# Under cabinet lighting



## FrunkSlammer (Aug 31, 2013)

Recessed puck lights or LED tape. 2700k


----------



## Southeast Power (Jan 18, 2009)

I only use tape.
I hide a driver somewhere and run FPL cable (fire alarm wire) as a home run to each location.


----------



## 99cents (Aug 20, 2012)

I don't like to promote Home Creepo but, on my last job, I used their Illume stuff - three 12" sections complete with driver for thirty bucks and that was here in Bendover where everything is overpriced. I don't know if that's their normal price. It works fine. Slight hesitation on start up but that's okay.


----------



## chicken steve (Mar 22, 2011)

jrannis said:


> I only use tape.
> I hide a driver somewhere and run FPL cable (fire alarm wire) as a home run to each location.


Interesting Jrannis

why *red* flp.....?

isn't it harder to hide?

~CS~


----------



## electricmanscott (Feb 11, 2010)

For an easy installation with an all in one fixture I use Kichler.
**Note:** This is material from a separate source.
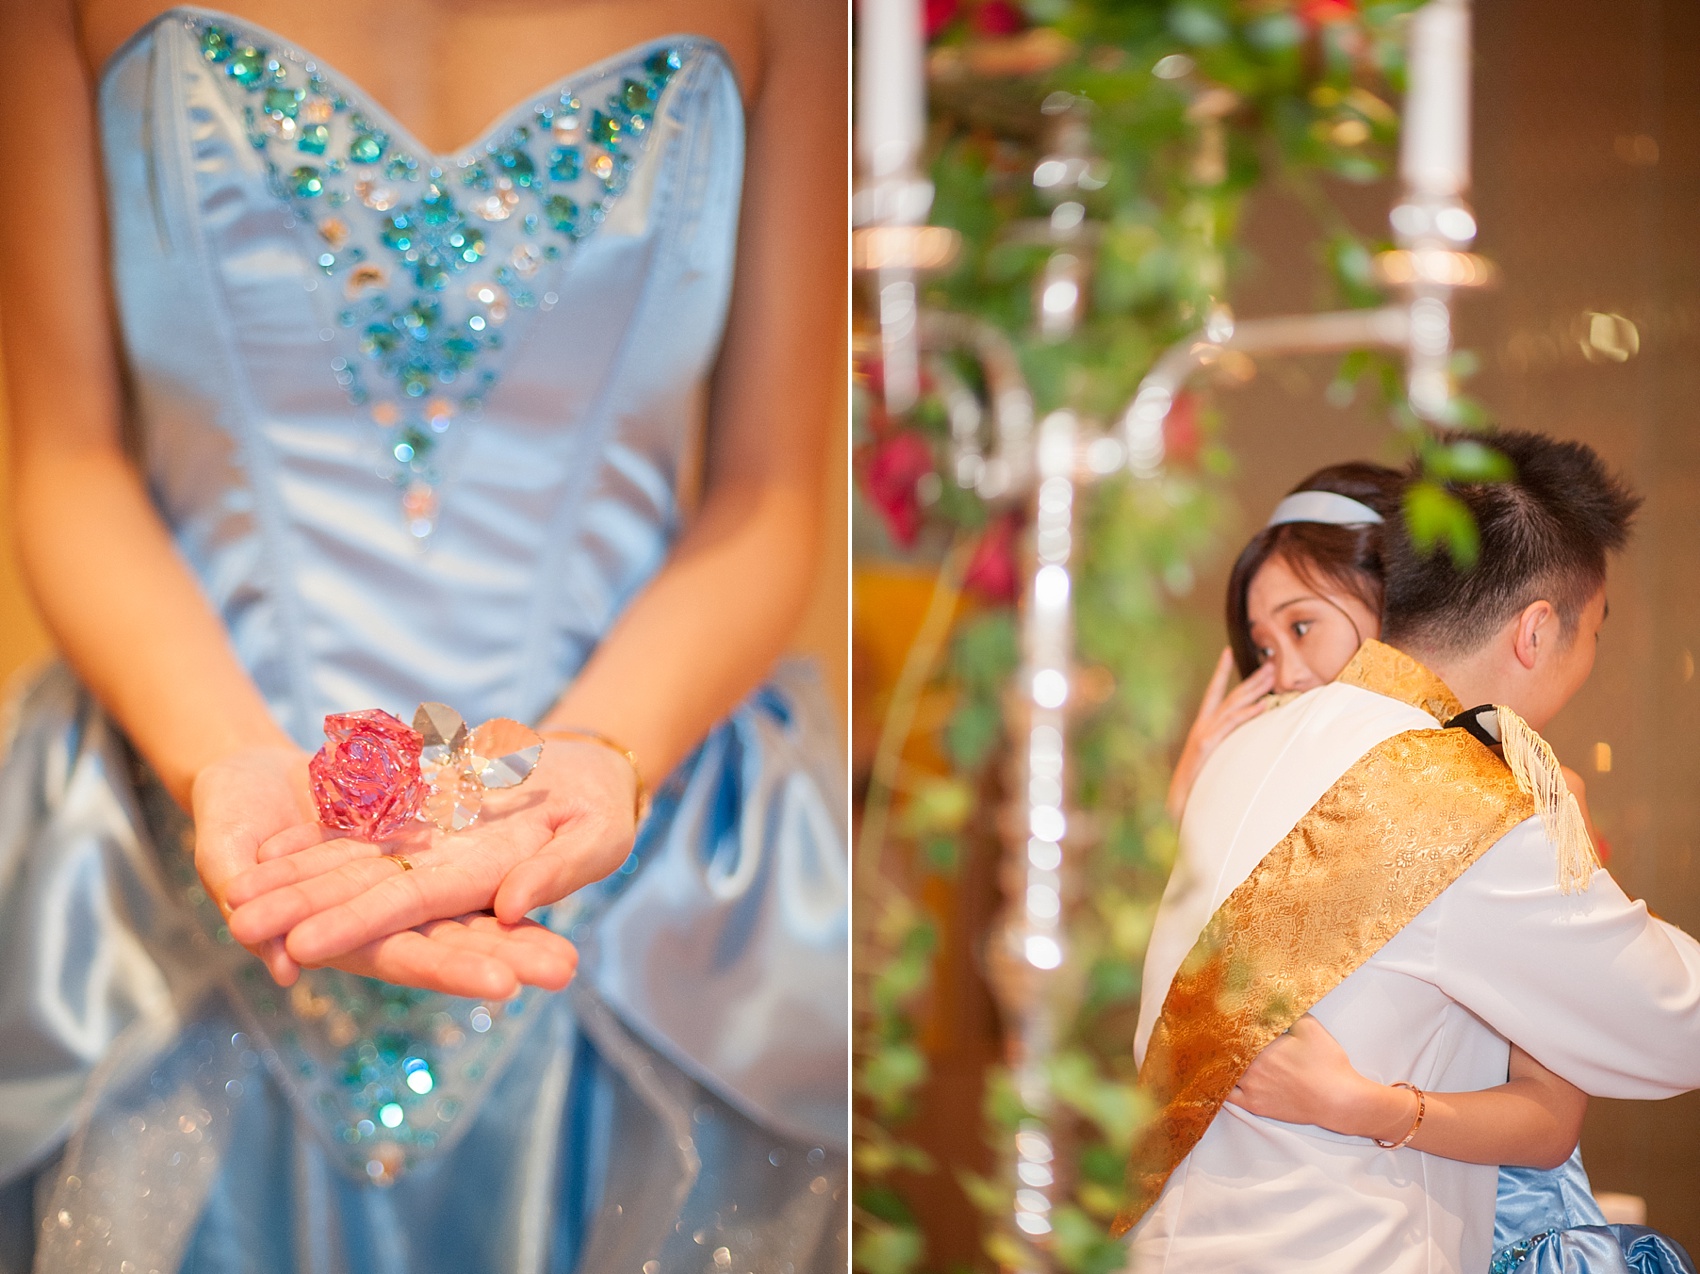 Prince Charming and Cinderella for a Disney proposal at Le Bernadin captured by Mikkel Paige, New York City wedding photographer. Coordination by Brilliant Event Planning.

They aren't cheap but that's because they aren't garbage.


----------



## sparky723 (Jul 22, 2008)

For those using tape, if you have a certain brand, could you post a link please?
I want to go with tape,but don't know which brand/style


----------



## sbrn33 (Mar 15, 2007)

NSL. Line voltage LED fixtures.


----------



## Mshow1323 (Jun 9, 2012)

http://www.flexfireleds.com

Expensive, but consistent, and dimmable


----------



## elvisright (Mar 13, 2013)

Kichler for hard fixtures, tape from a reputable lighting store.


----------